Algae biofuels have been touted as being capable of mass-producing liquid fuels more sustainably than ethanol, soy biodiesel or any of the various biomass, waste or fossil-derived liquid fuel schemes. Algae biofuels can be grown in fresh or salt-water, can be grown in self-contained ponds, and can theoretically meet U.S. diesel needs using only 1–3 million acres of land (about 2–5% of the currently fallow cropland in the U.S. and less than the size of the state of Connecticut). Diesel is 20% of our nation’s petroleum demand, so an area about five times the size of Connecticut could meet all of our oil demand. Algae feeds on CO2.
Sounds great?
That’s not the full story.
Algae biofuels have been explored for decades, with more attention in the past decade. Fundamental problems keep it from making sense… mainly the need for a concentrated CO2 source and large amounts of water and nutrients (nitrogen and phosphorous). Many of these problems are discussed in the 2017 Biofuelwatch report, Algenol: Case Study of an Unsuccessful Algae Biofuels Venture. See also: Hard Lessons From the Great Algae Biofuel Bubble (2017 article in Green Tech Media on the lack of progress in making algae biofuels work)

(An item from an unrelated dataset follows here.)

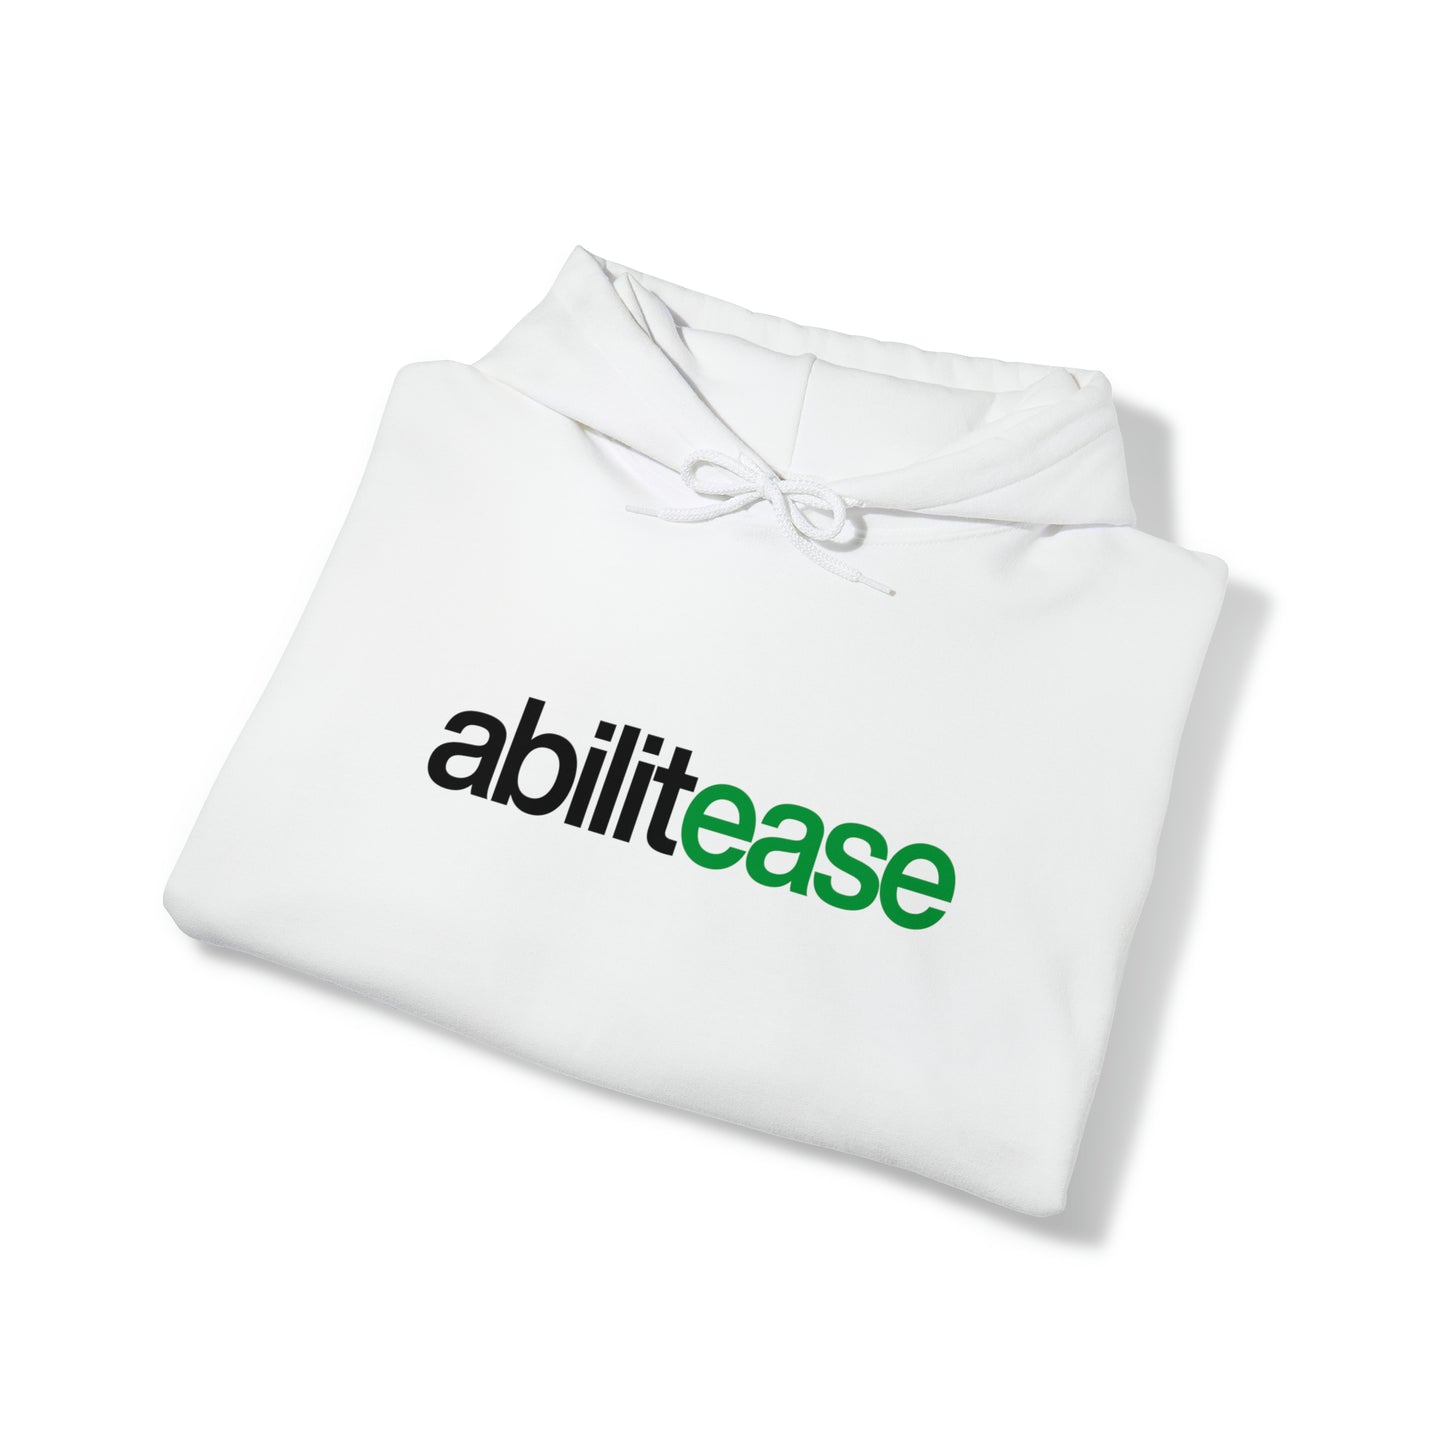 Abilitease Classic Logo - Unisex Heavy Blend™ Hooded Sweatshirt

One problem with commercially producing biodiesel from algae is that it needs a concentrated and plentiful CO2 source. This requires hitching this “green” industry to dirty pollution sources that ought to be rapidly phased out, such as coal power plants. This marriage of algae biodiesel to coal has resulted in such public relations articles with titles like “Algae — like a breath mint for smokestacks.” To obtain a purified CO2 source from power plant exhaust, massive amounts of investment dollars would need to be spent on “clean coal” gasification systems – perpetuating coal use (and the related destruction from mining, burning and waste disposal). Such money would go much further if invested in genuine clean energy strategies.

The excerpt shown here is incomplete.